For the past few months I’ve been interning with the Princeton Gerrymandering Project as a data communications intern, which has allowed me to combine my technical and political interests into one experience. As someone who’s studying Political Science and Computer Science, it isn’t too often that I’m able to find an opportunity that allows me to use both my social science and engineering skills at once, so it was incredibly exciting to find out that I had been offered this opportunity.

As an intern I’ve been able to attend the state legislature redistricting hearings, work with map data and redistricting software to create my own North Carolina district maps, and redesign portions of the Princeton Gerrymandering Project web application. Attending the redistricting hearings not only taught me a lot about how maps were being redrawn, but also helped me reflect a lot on both the importance and shortcomings of local government. Having to physically attend the hearings also reminded me of how inaccessible government can often be; I experienced firsthand the unpredictability of committee meetings, the unusual start times & delays that came along with the hearings, and the difficulties of finding efficient transportation to government buildings.

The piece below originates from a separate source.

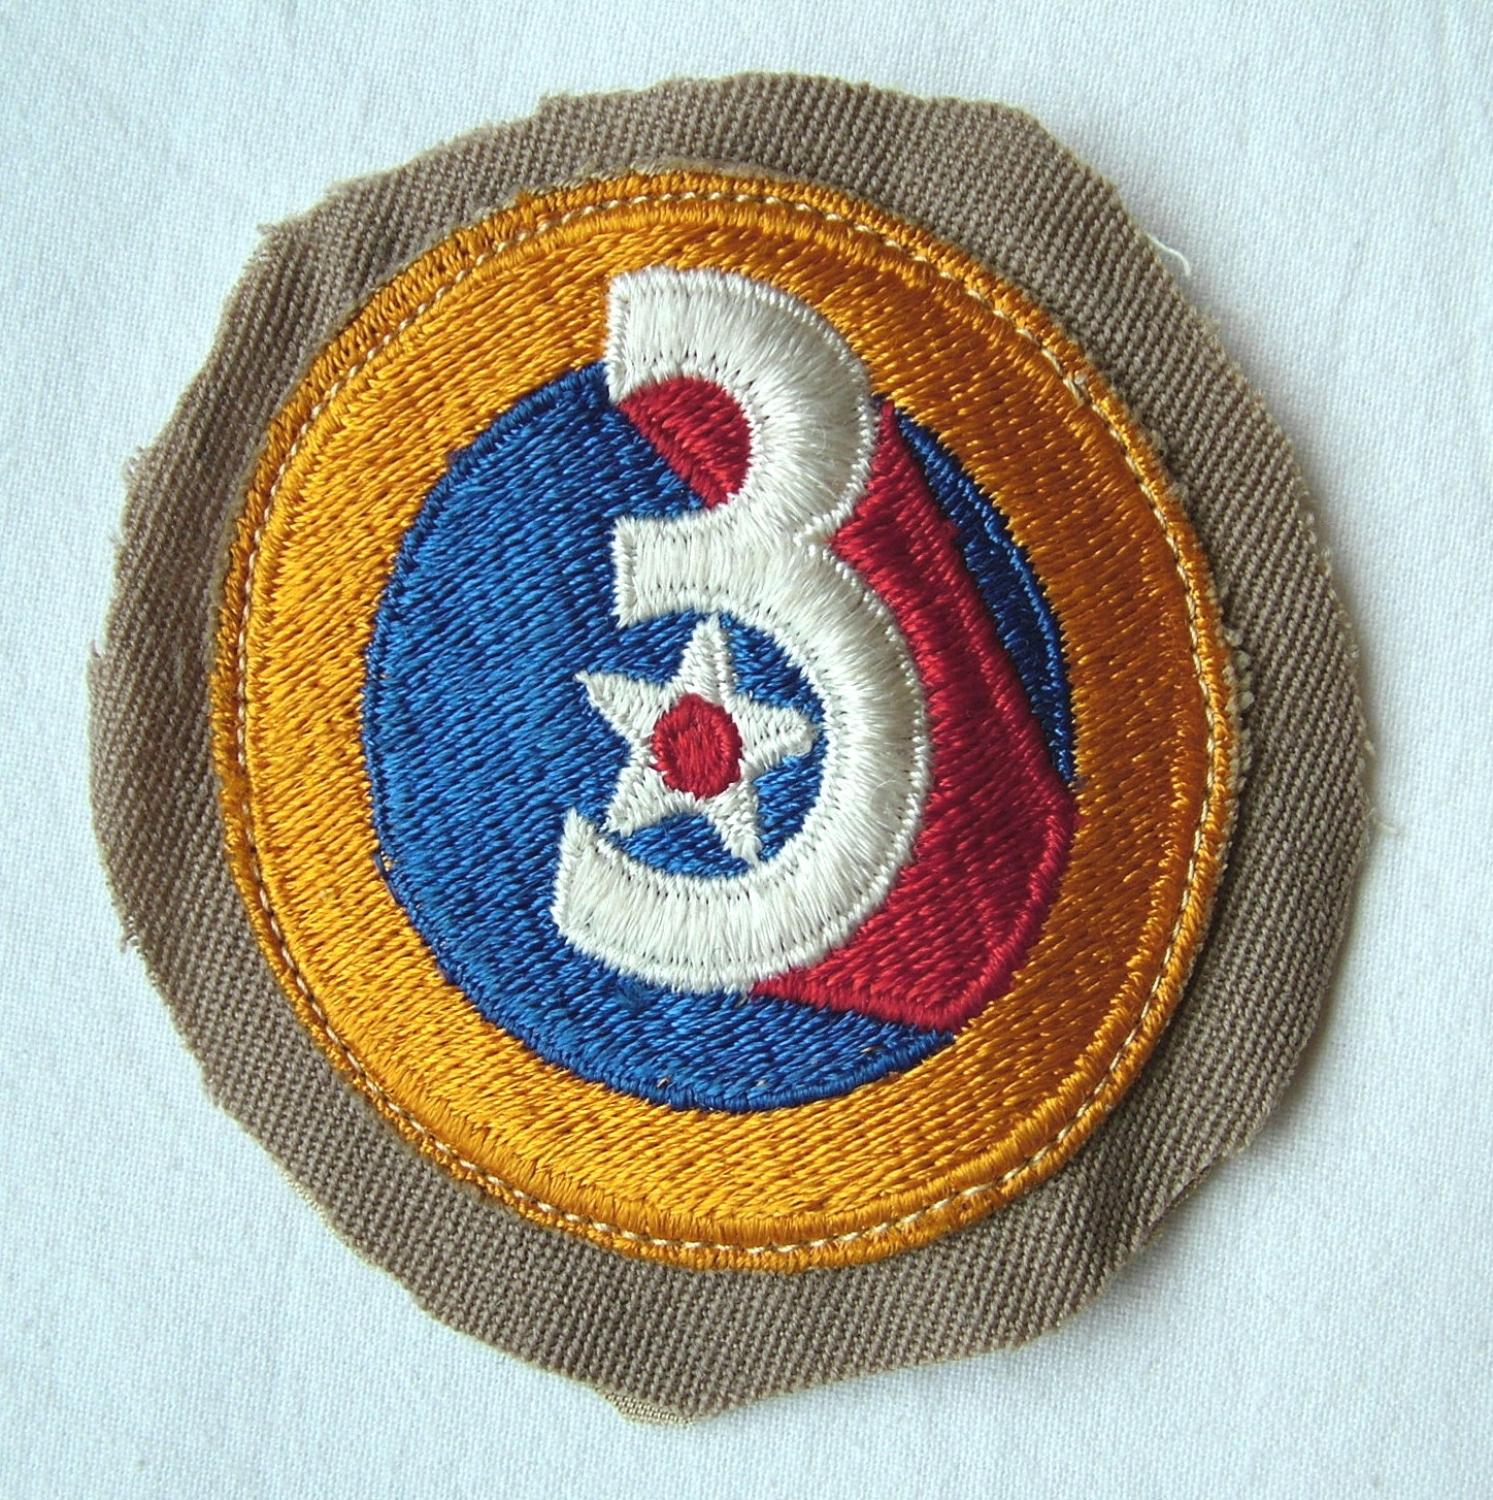 USAAF 3rd AAF Shoulder Patch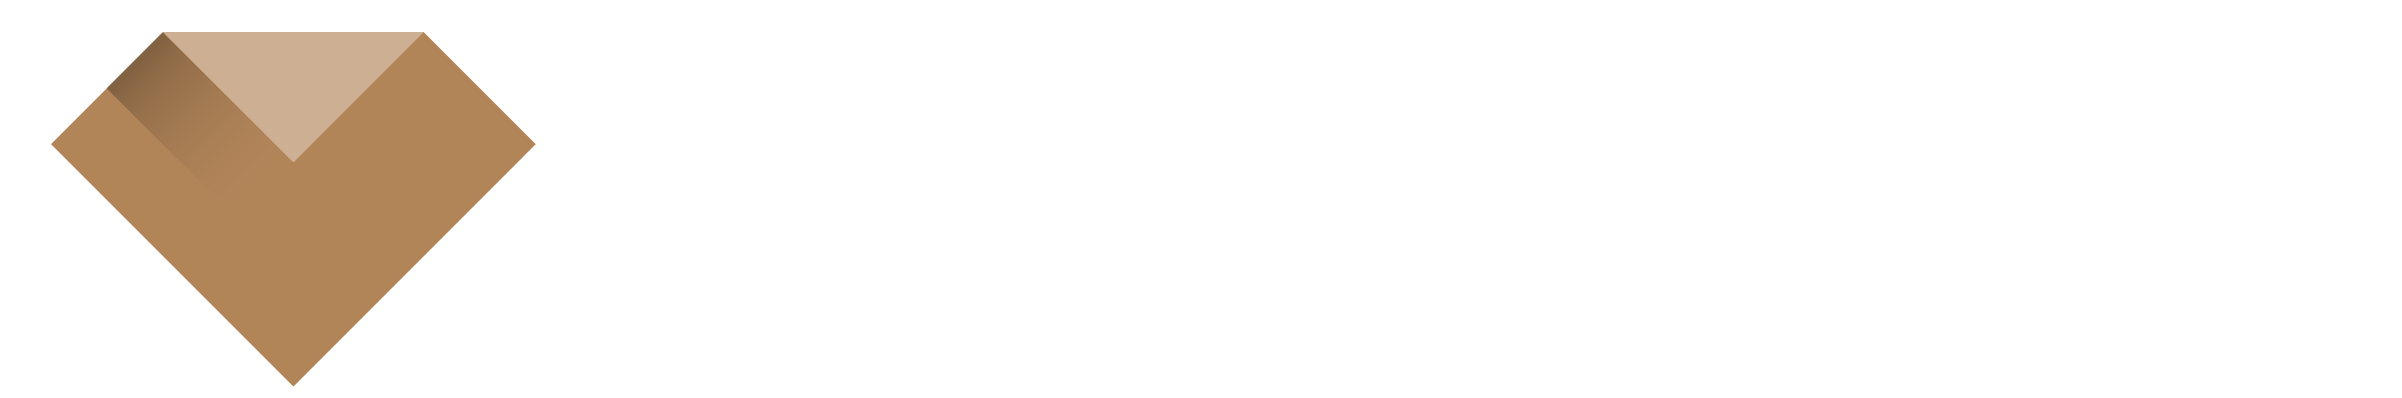 INTAX - Kancelaria podatkowa

Working with map data and redistricting software gave me hands-on experience with analyzing and transforming geospatial data. I had never worked with geospatial data before, so I really enjoyed having the opportunity to learn some new technical skills that I can apply in the future. Redesigning portions of the Princeton Gerrymandering Project web application also allowed me to learn a new fronted JavaScript framework that is often used in the tech industry, and I was able to utilize the software engineering skills I have learned in my Computer Science coursework to change how some of the existing code was written. I also learned a lot about effective data communication, and in doing so have been able to create my own maps and data layouts that help users digest state-by-state information about gerrymandering. 

While the foundation for much of the work I have been doing as an intern, both at the Princeton Gerrymandering Project and previous internships, is certainly rooted in my coursework, internships have given me an opportunity to put theory into practice. Internships have been a fantastic supplement to my academic education, and working with other talented interns, engineers, data scientists, and policy analysts throughout my internships have given me the skills and confidence to go into industry after college.